Literature DB >> 26700969

Exploiting Hierarchical Dense Structures on Hypergraphs for Multi-Object Tracking.

Longyin Wen, Zhen Lei, Siwei Lyu, Stan Z Li, Ming-Hsuan Yang.   

Abstract

Most multi-object tracking algorithms are developed within the tracking-by-detection framework that consider the pairwise appearance similarities between detection responses or tracklets within a limited temporal window, and thus less effective in handling long-term occlusions or distinguishing spatially close targets with similar appearance in crowded scenes.

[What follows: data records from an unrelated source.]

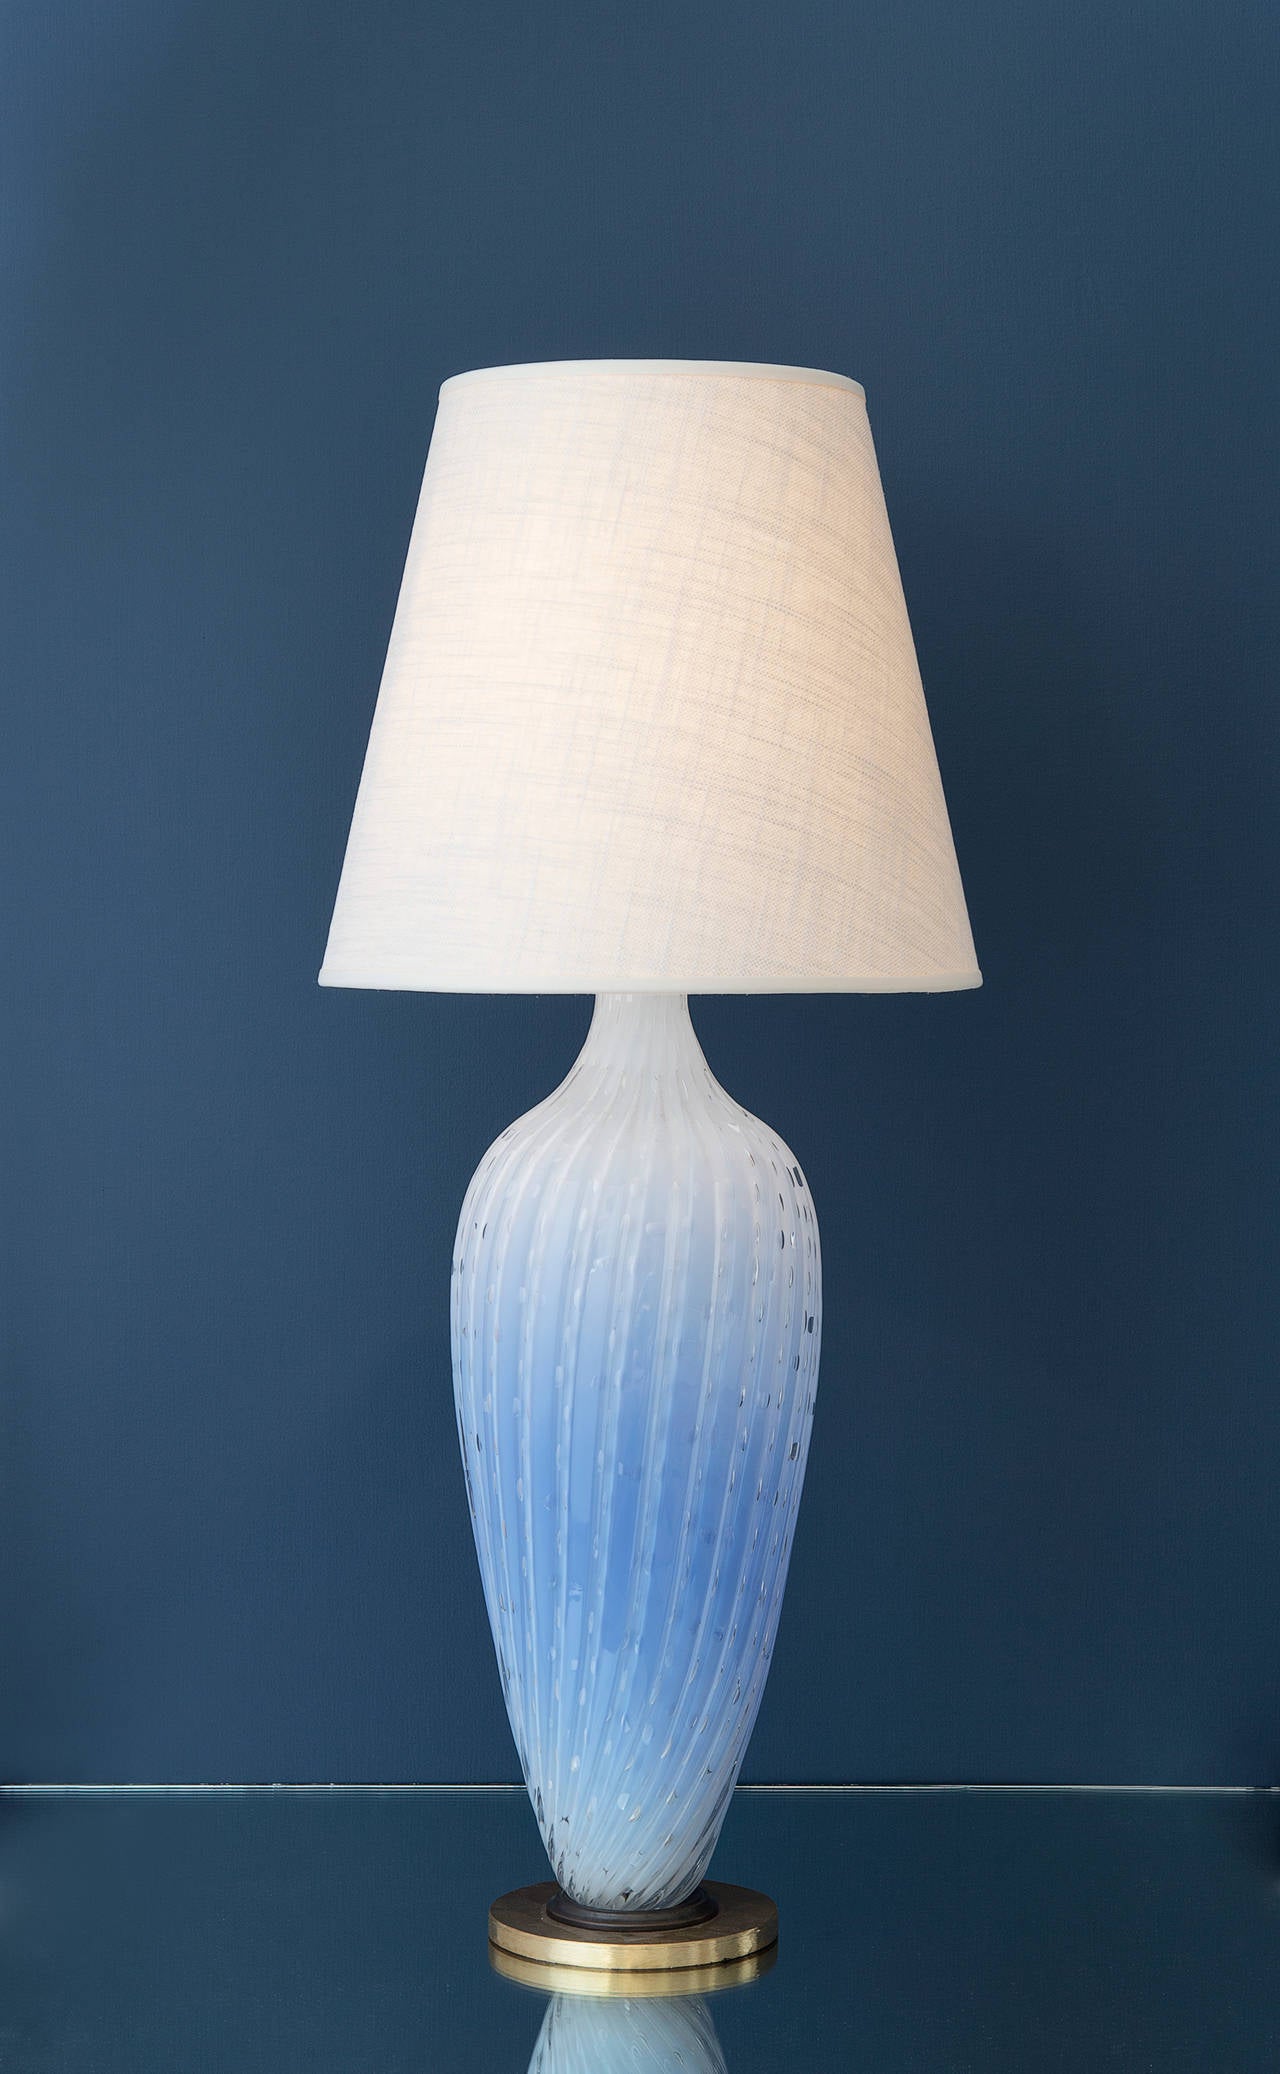 Exquisite Murano table lamp in dotted light blue glass and brass base. New linen shade.
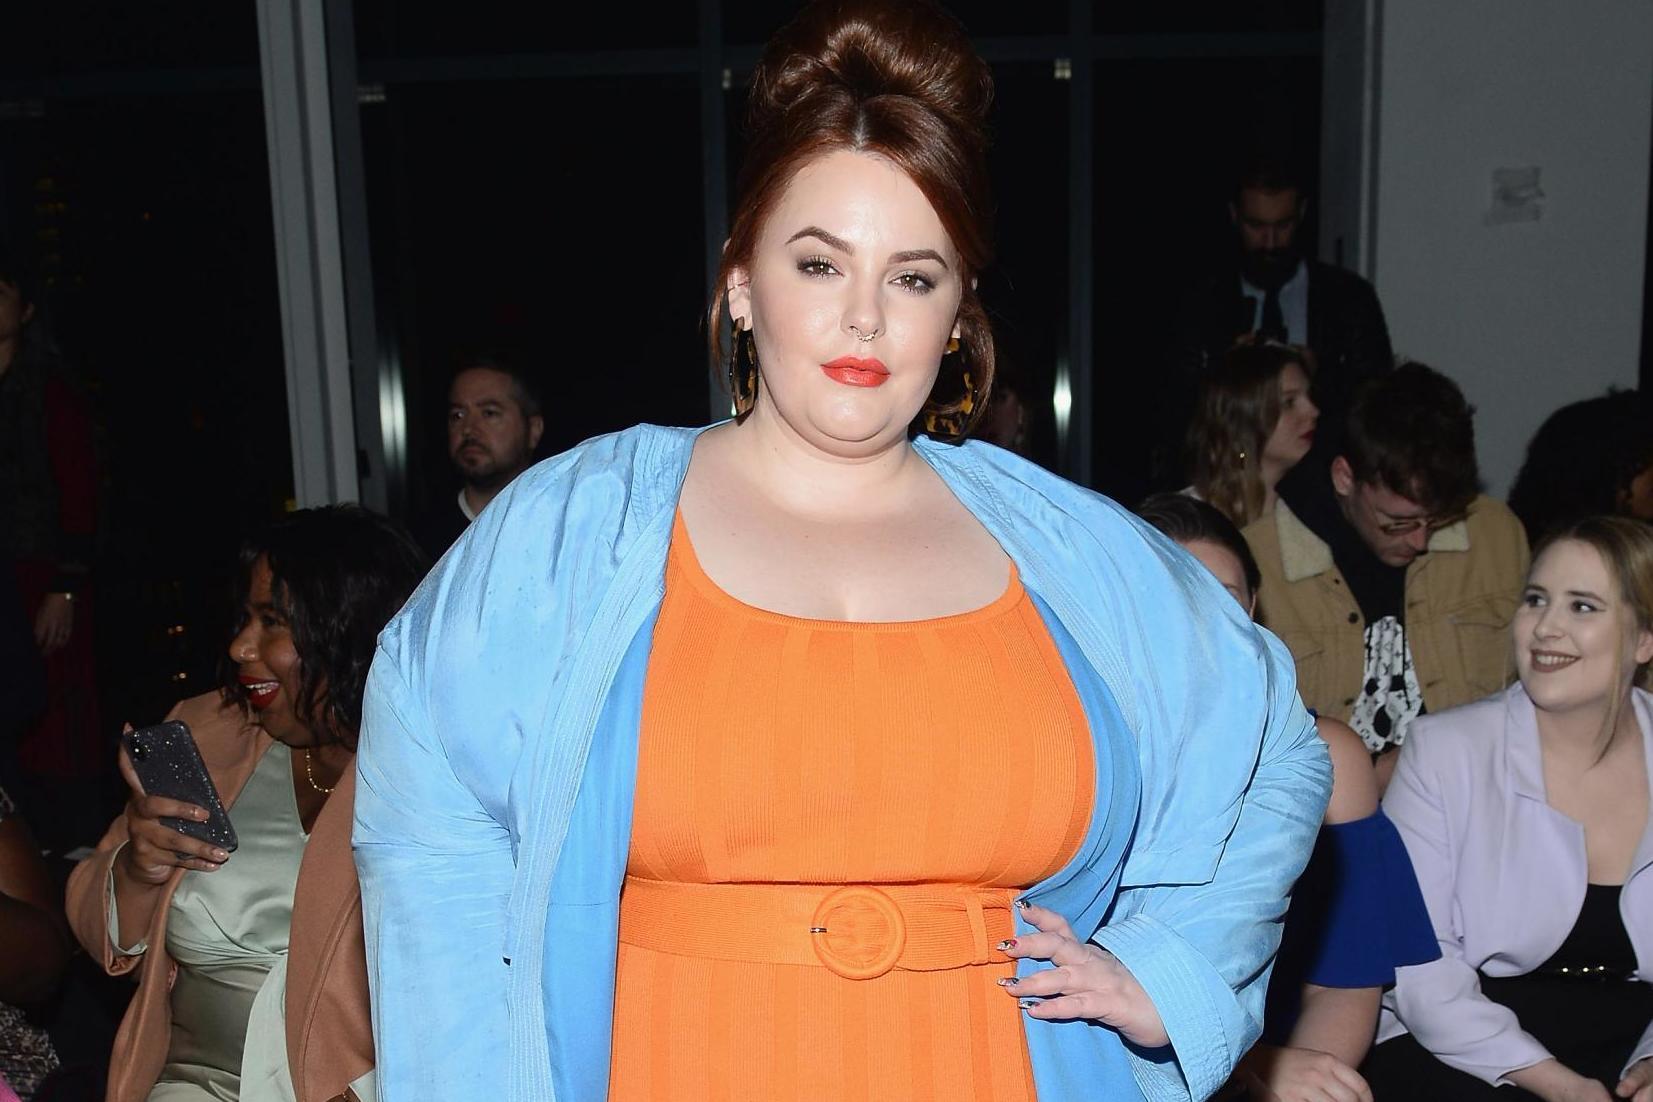 How Tess Holliday Changed the Body-Positivity Conversation [VIDEO]
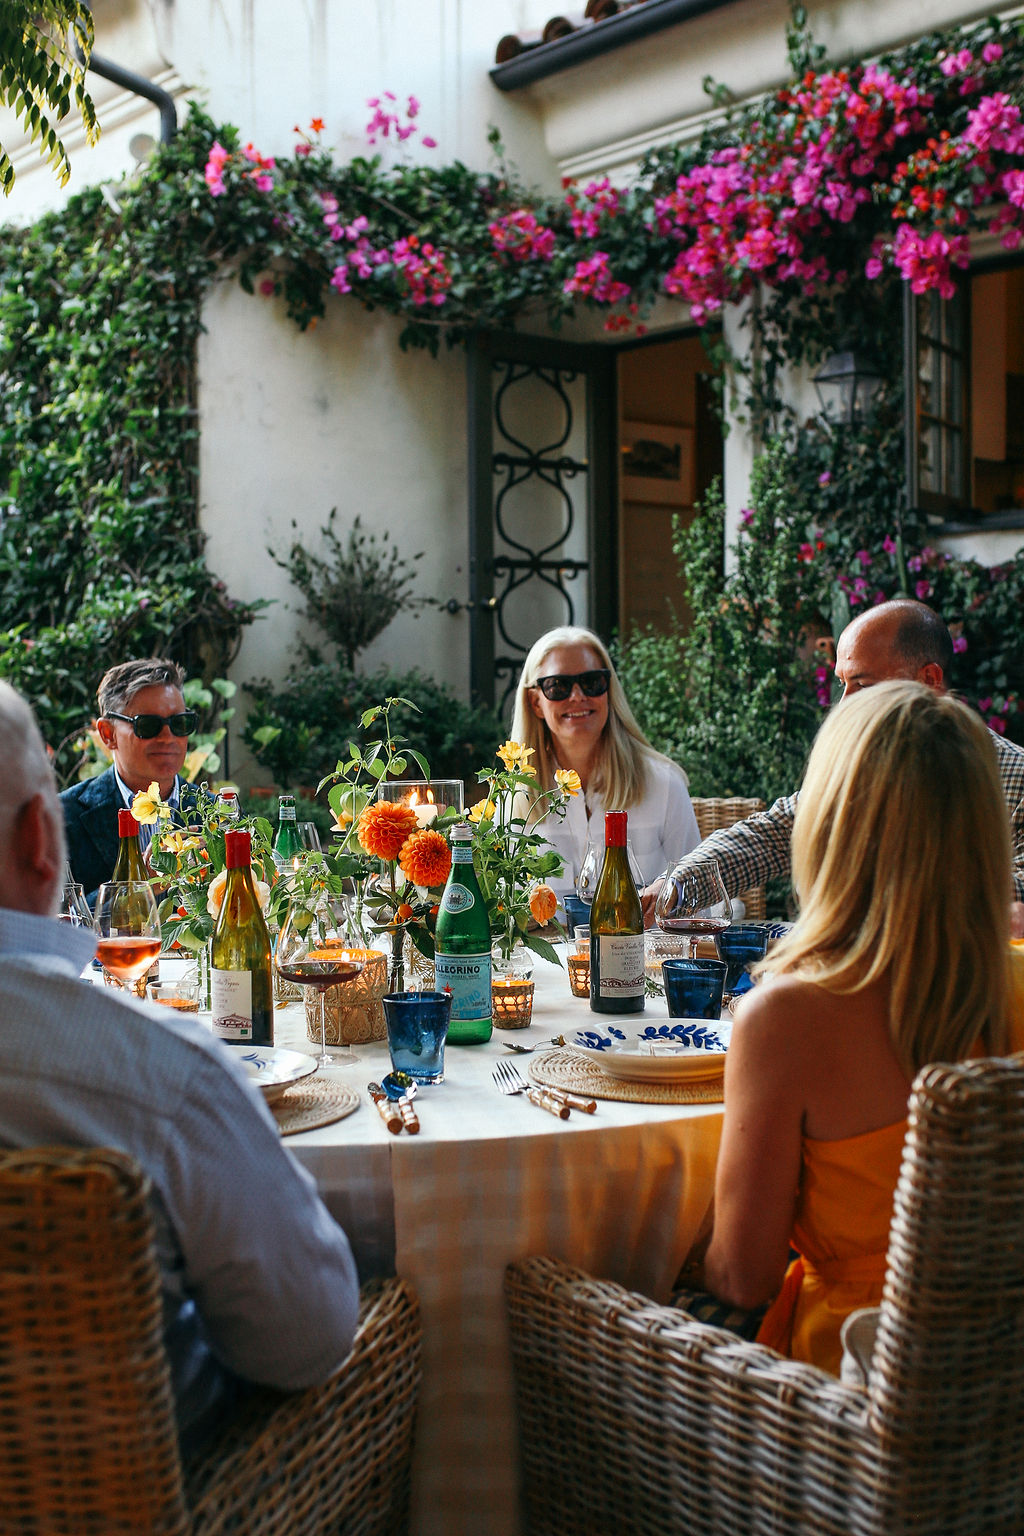 Valerie Rice dinner party in Santa Barbara, table with guests
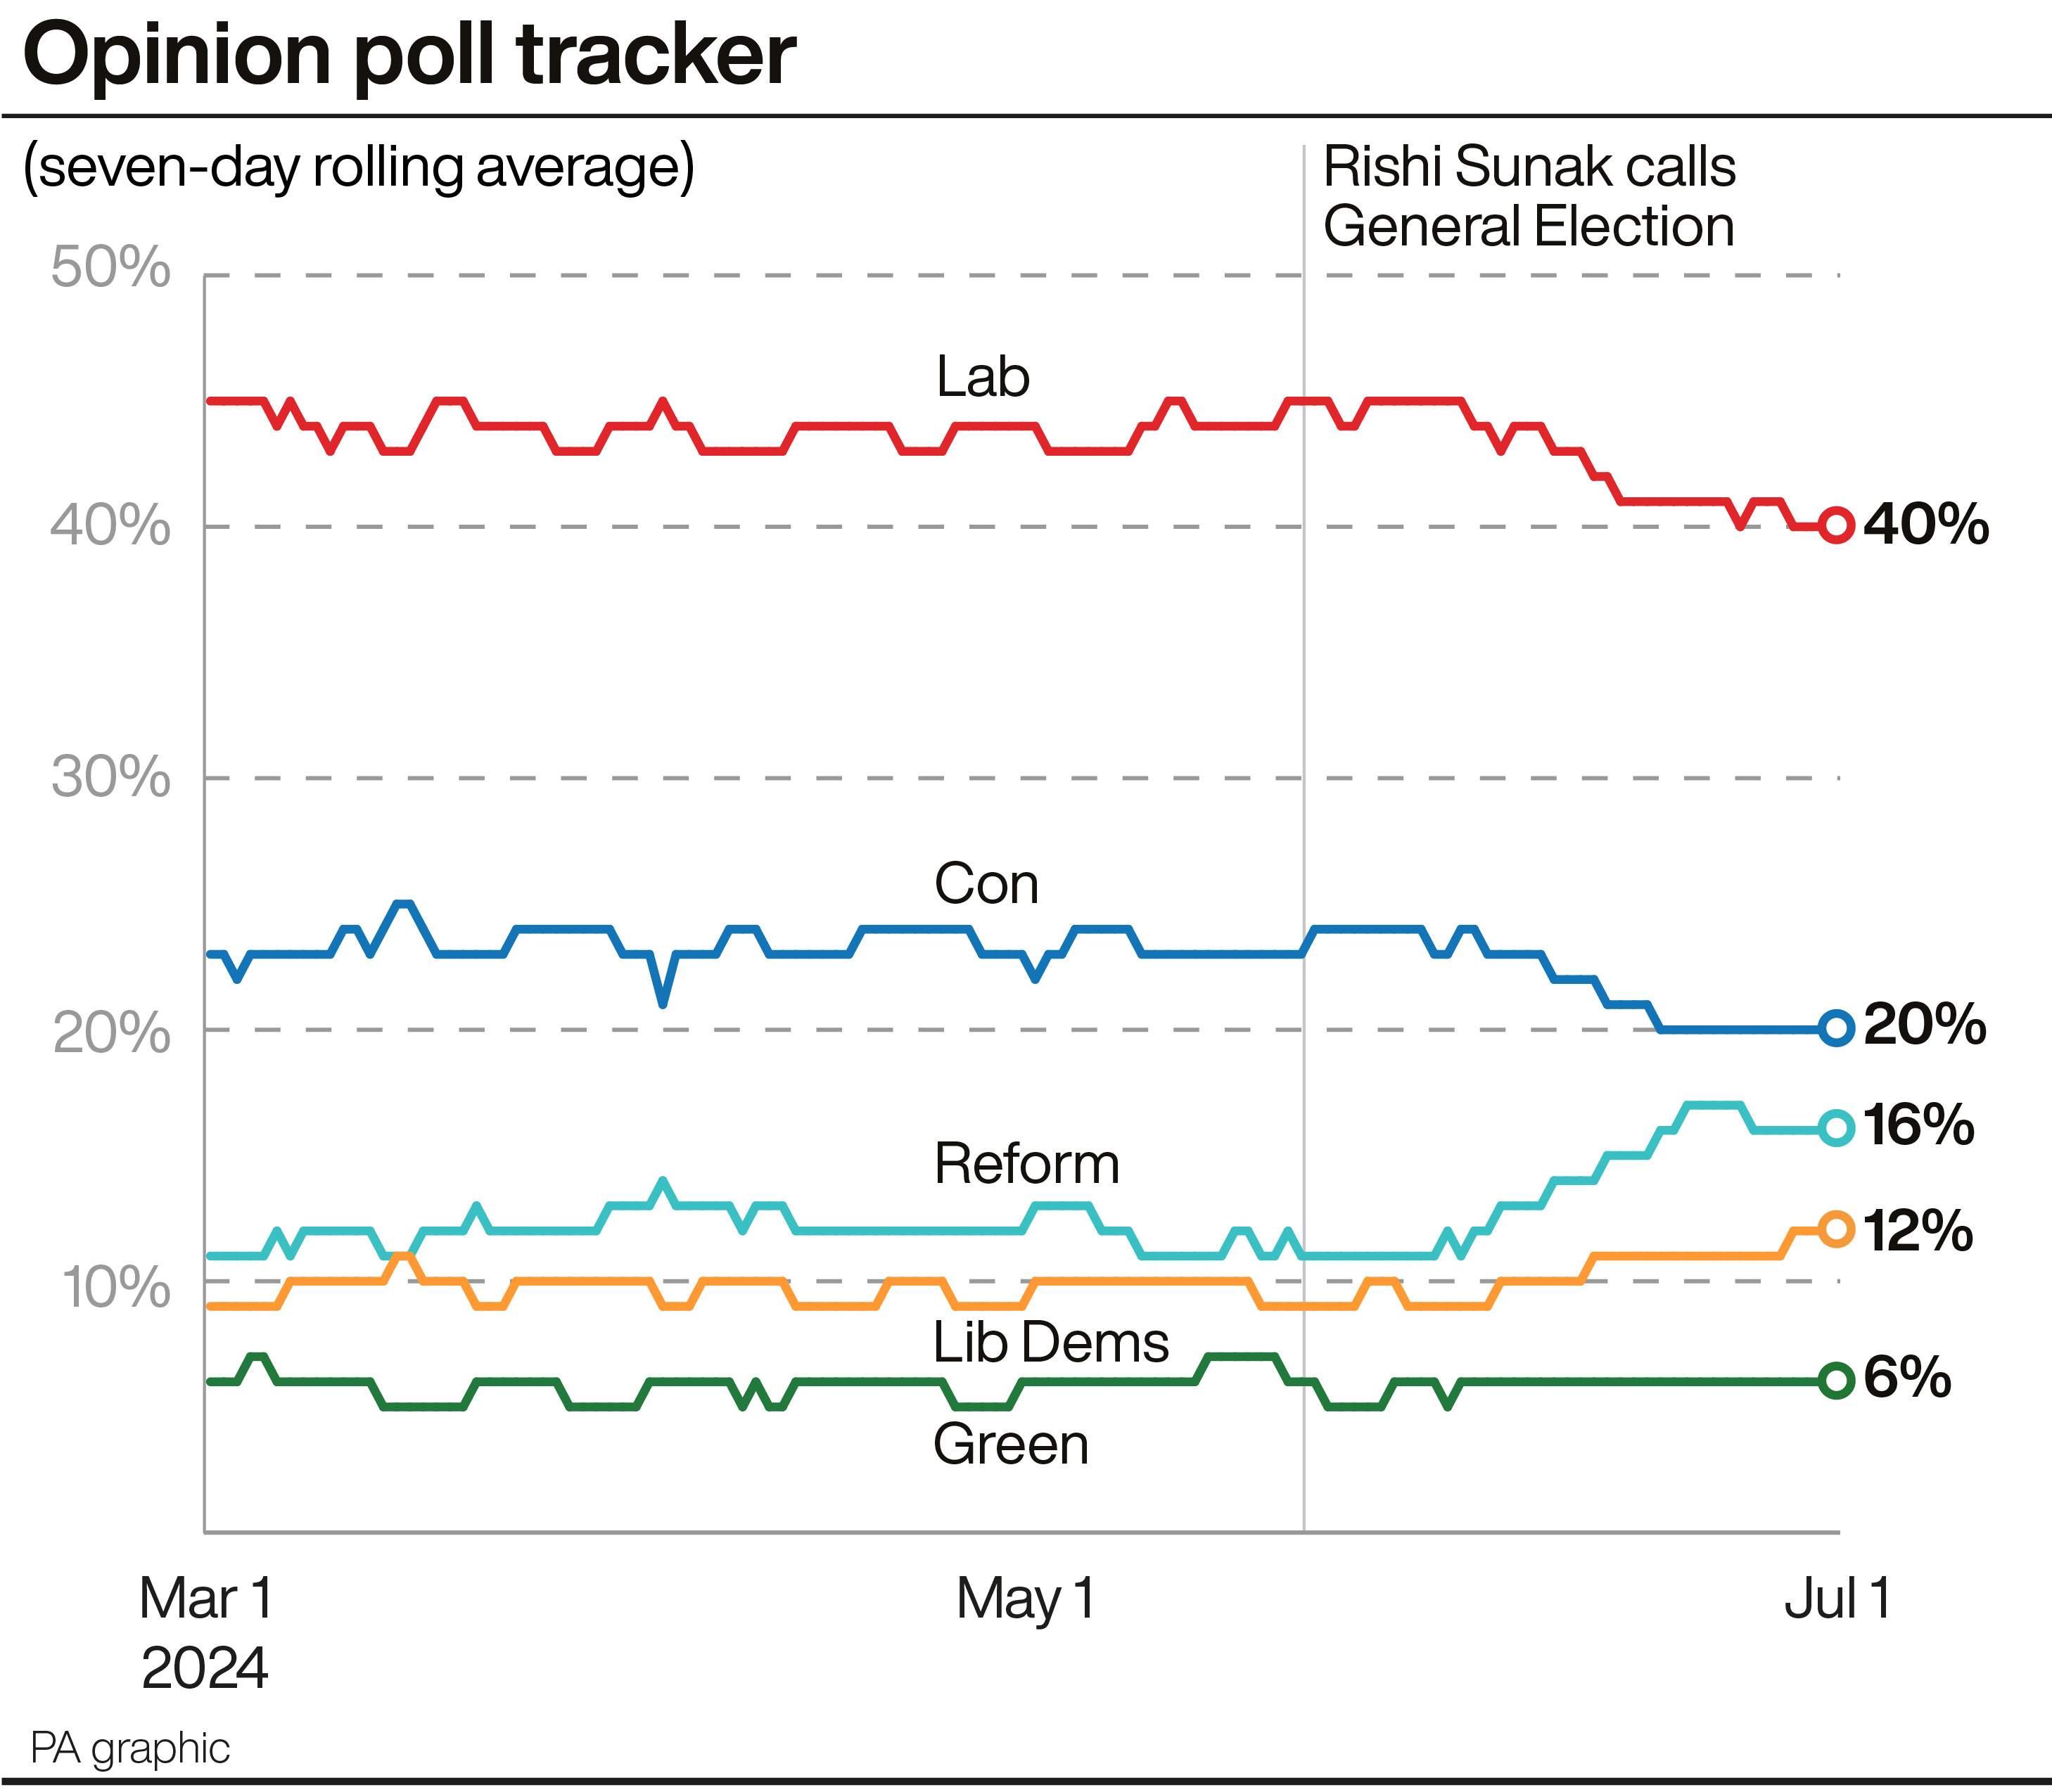 A line graph showing the latest opinion poll average for the main political parties, with Labour currently on 40%, 20 points ahead of the Conservatives on 20%, followed by Reform on 16%, the Lib Dems on 12% and the Greens on 6%

In this work, we propose an algorithm that formulates the multi-object tracking task as one to exploit hierarchical dense structures on an undirected hypergraph constructed based on tracklet affinity. The dense structures indicate a group of vertices that are inter-connected with a set of hyperedges with high affinity values. The appearance and motion similarities among multiple tracklets across the spatio-temporal domain are considered globally by exploiting high-order similarities rather than pairwise ones, thereby facilitating distinguish spatially close targets with similar appearance. In addition, the hierarchical design of the optimization process helps the proposed tracking algorithm handle long-term occlusions robustly. Extensive experiments on various challenging datasets of both multi-pedestrian and multi-face tracking tasks, demonstrate that the proposed algorithm performs favorably against the state-of-the-art methods.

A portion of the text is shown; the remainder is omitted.